Problem to solve =
Output, word for word, the line that contains "Amal Clooney and" and all lines following it to the end of the listing. Drop the pictures.

Data shown =
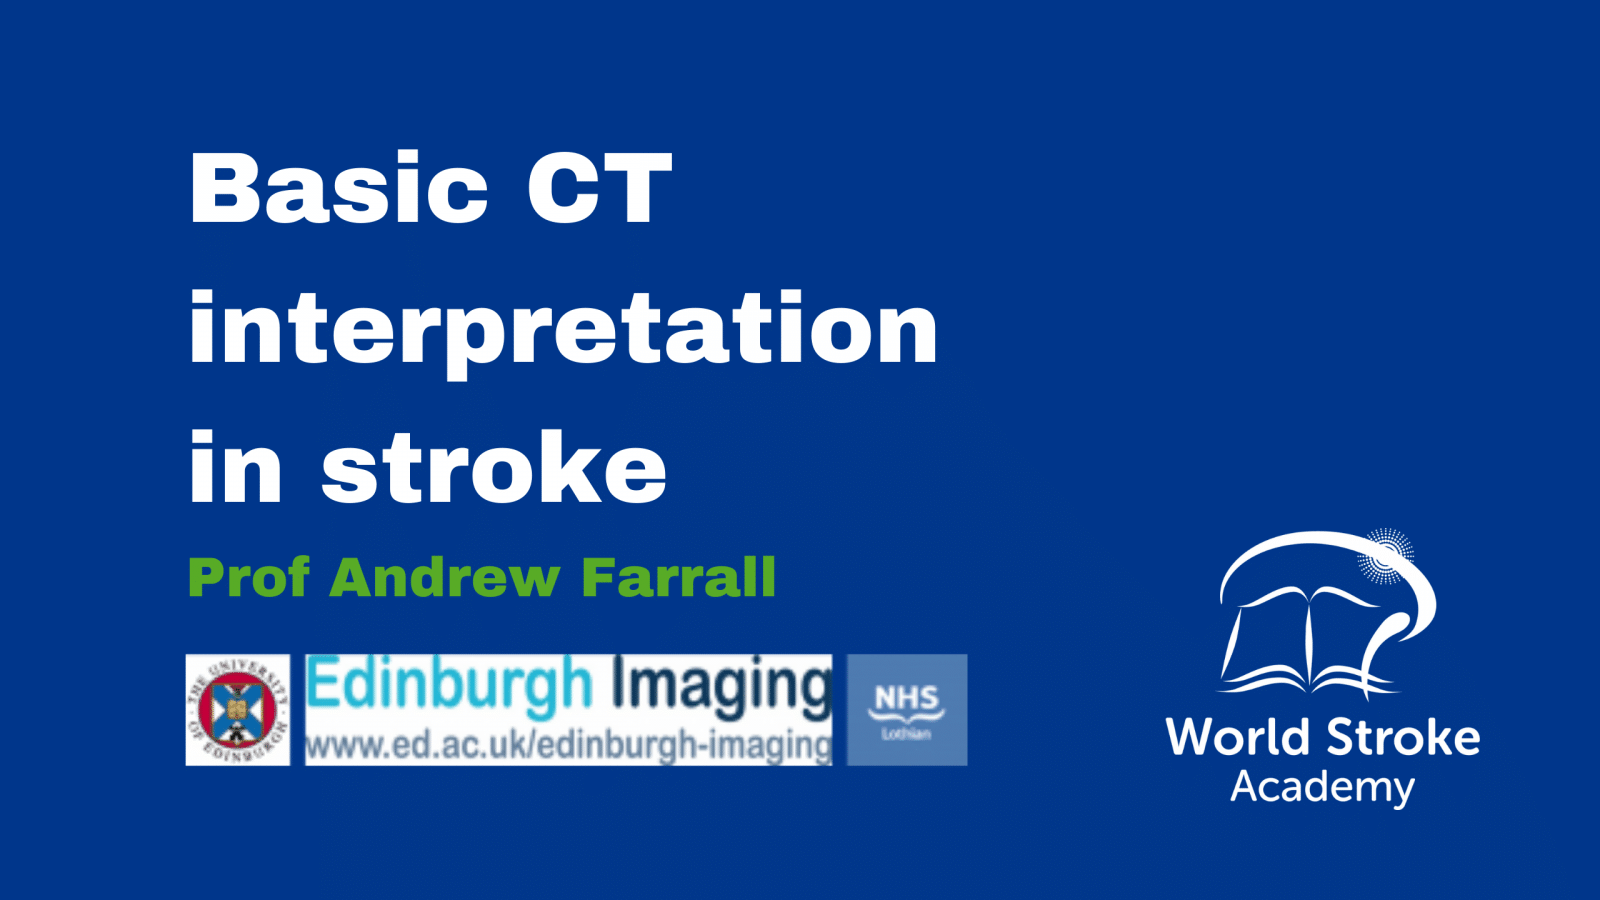 Basic CT interpretation and stroke
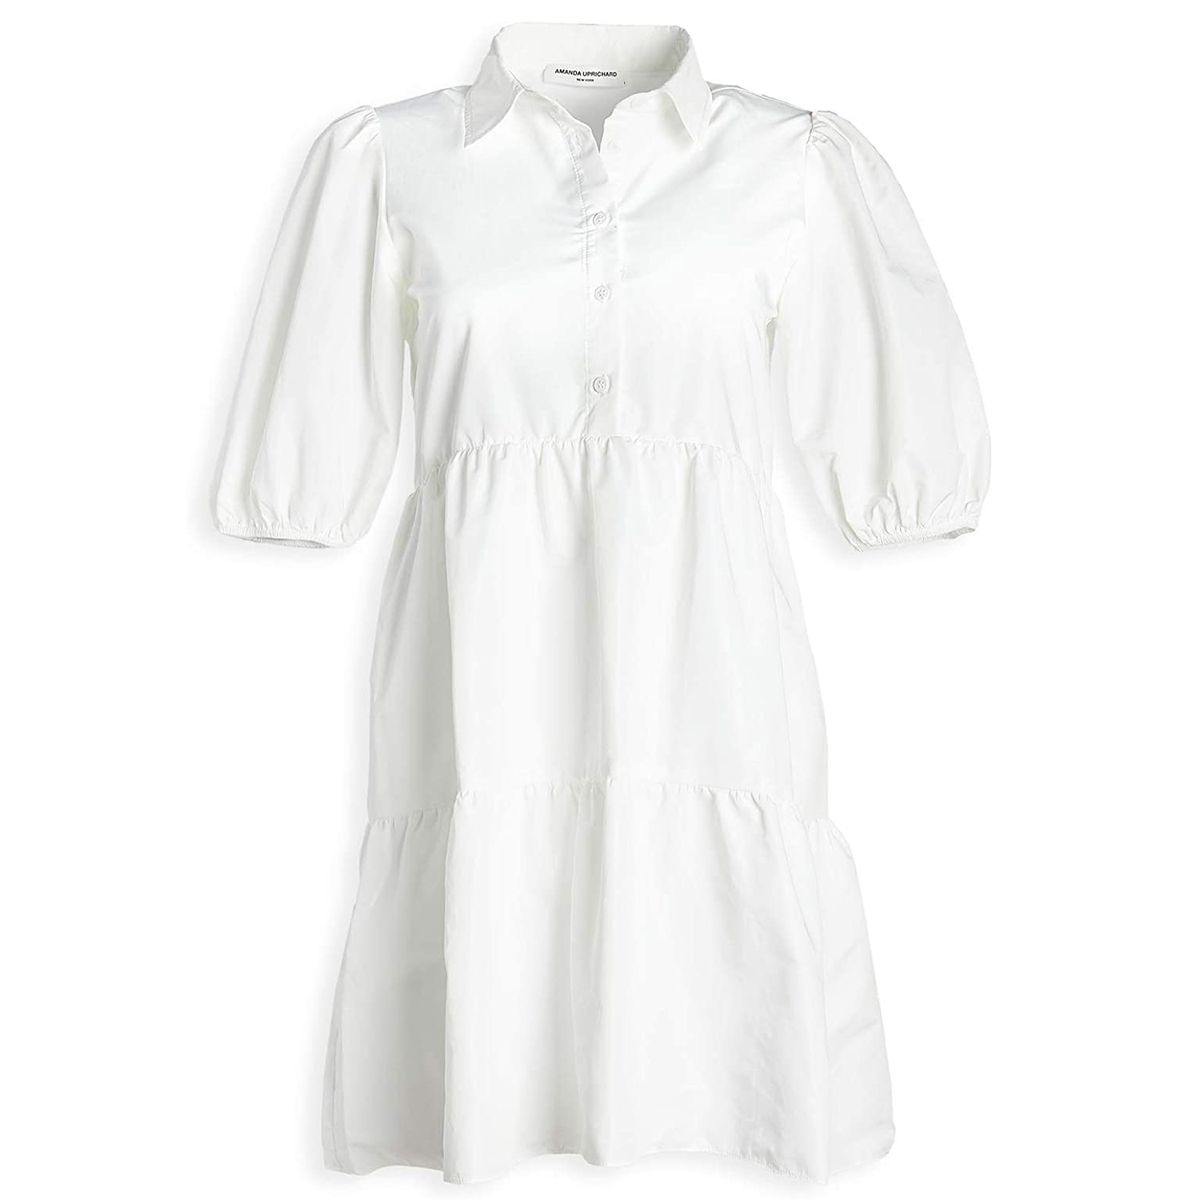 Amal Clooney and Sarah Jessica Parker Love White Drop-Waist Dresses ...
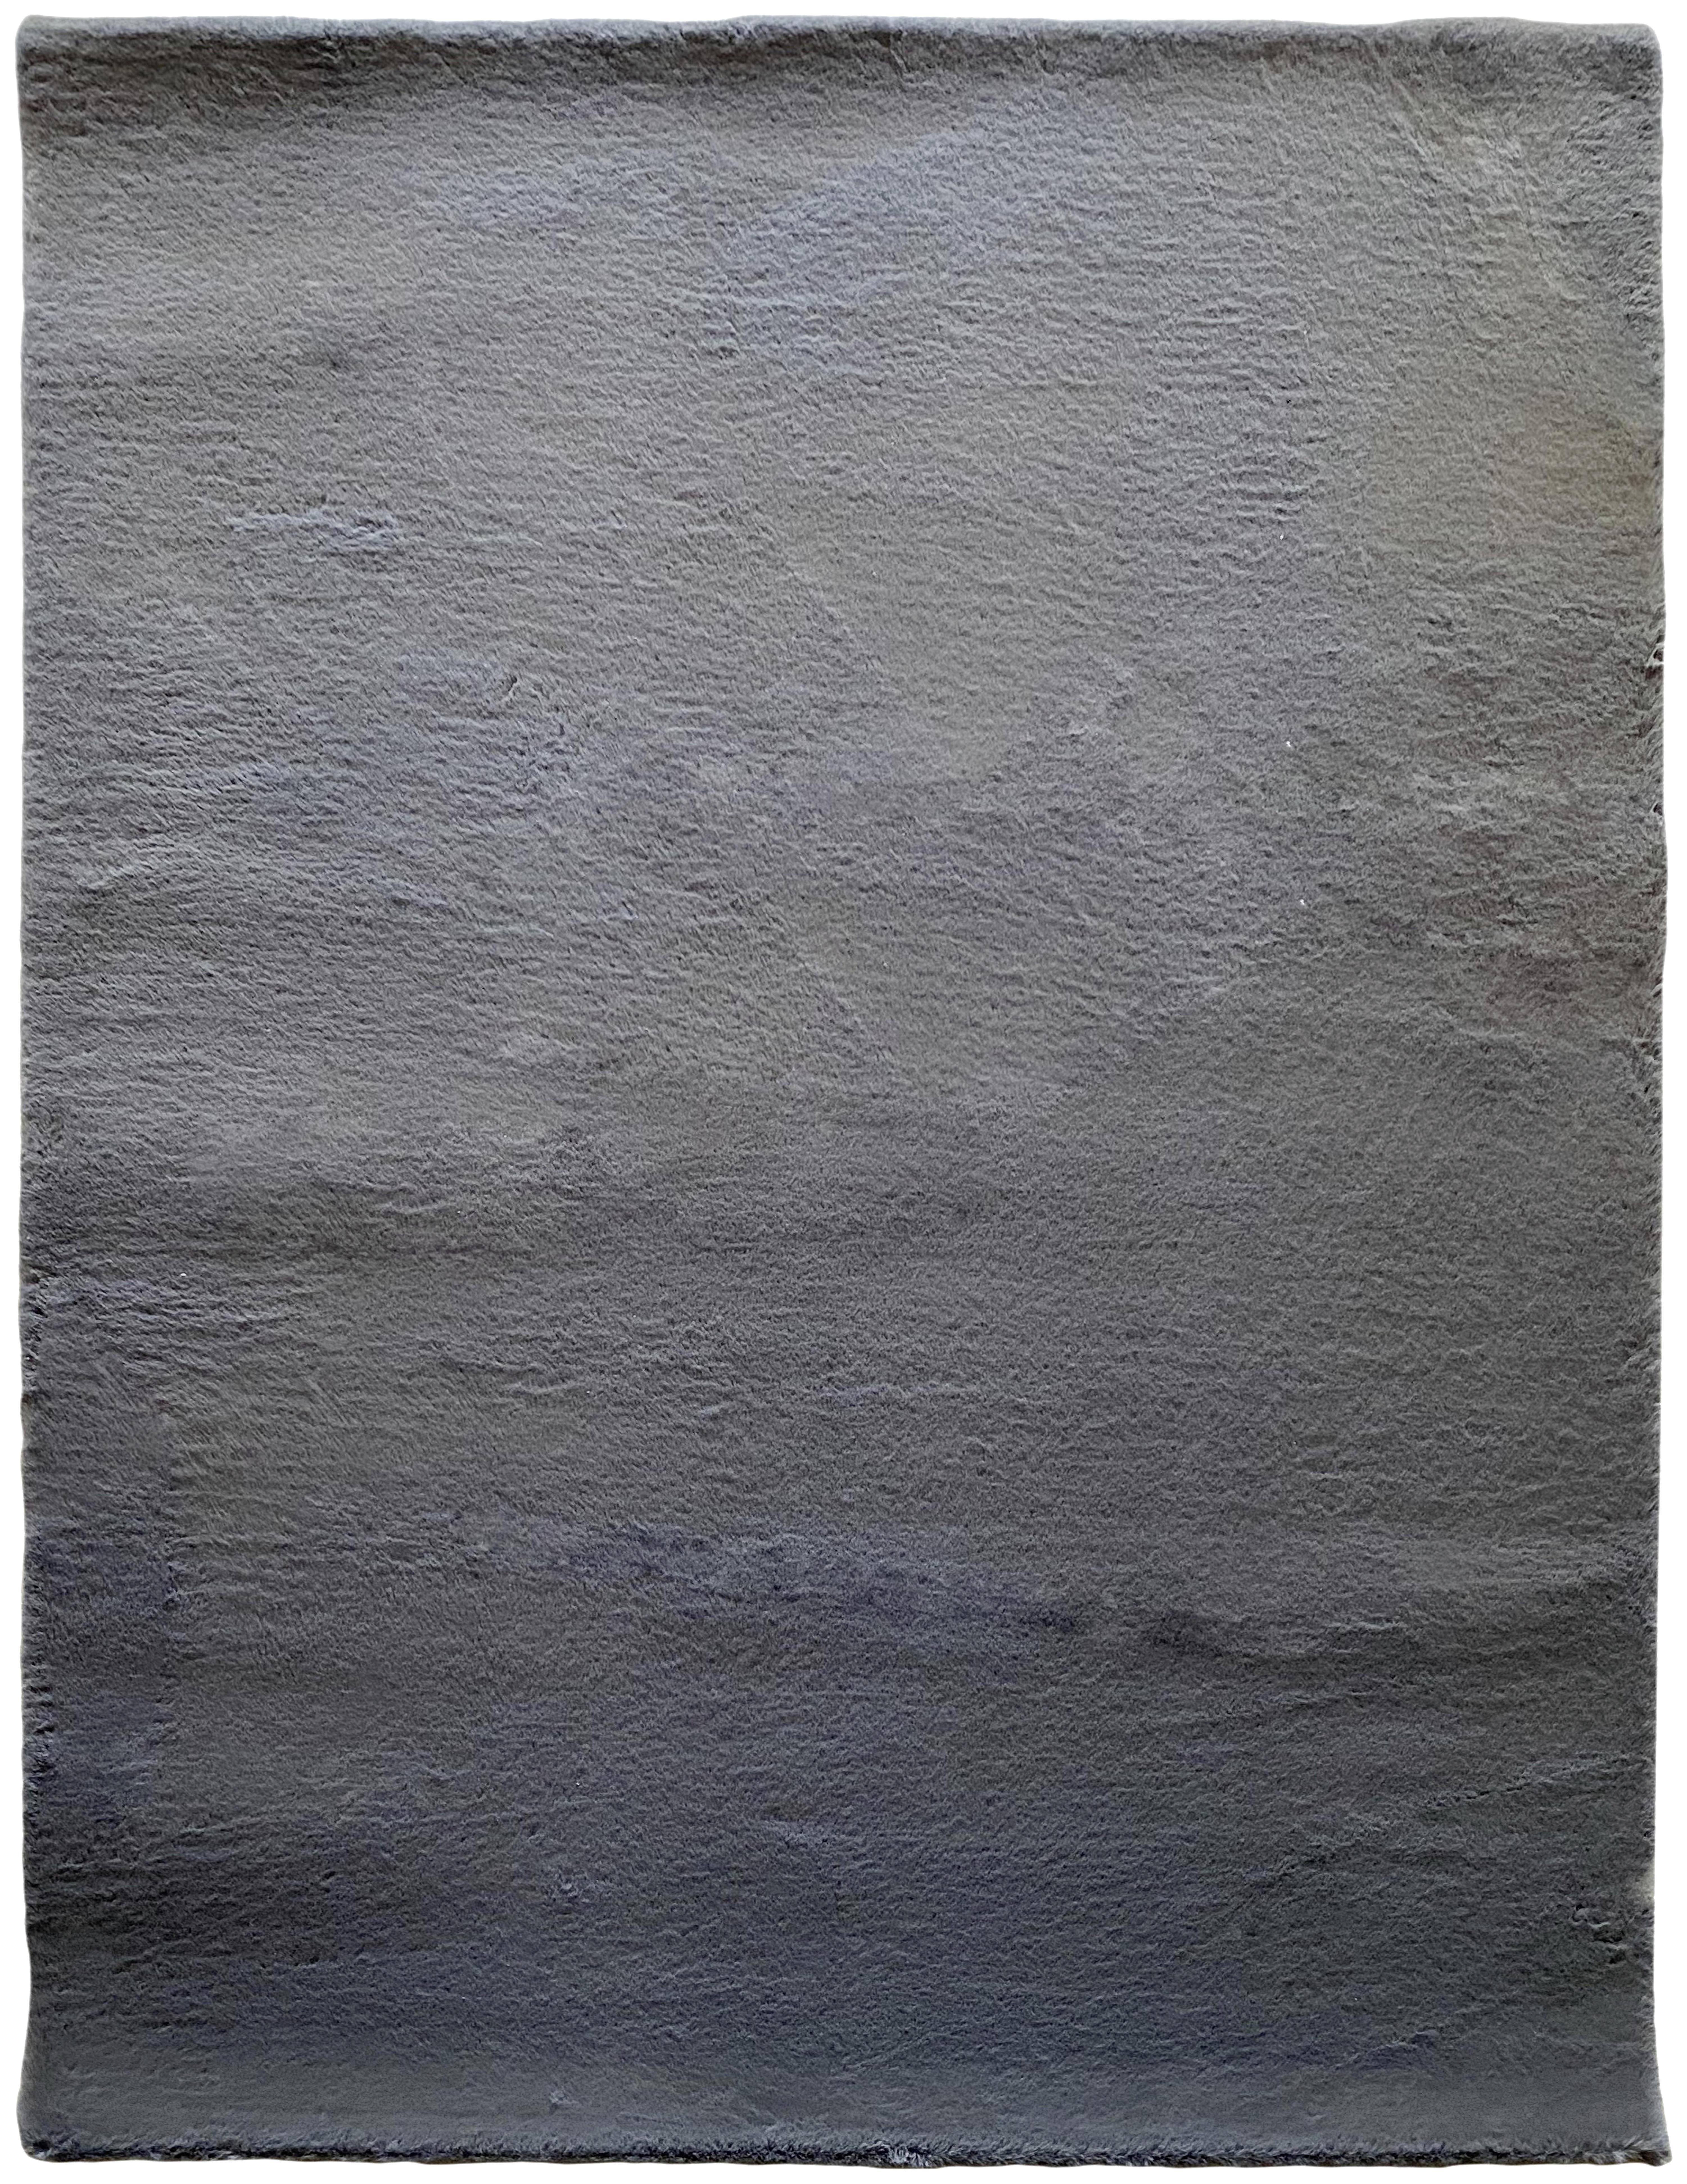 Fellteppich Stahlgrau Magarete 120x160 cm - Dunkelgrau, Textil (120/160cm) - Luca Bessoni

Written solution =
 Amal Clooney and Sarah Jessica Parker Love White Drop-Waist Dresses ...
 Fellteppich Stahlgrau Magarete 120x160 cm - Dunkelgrau, Textil (120/160cm) - Luca Bessoni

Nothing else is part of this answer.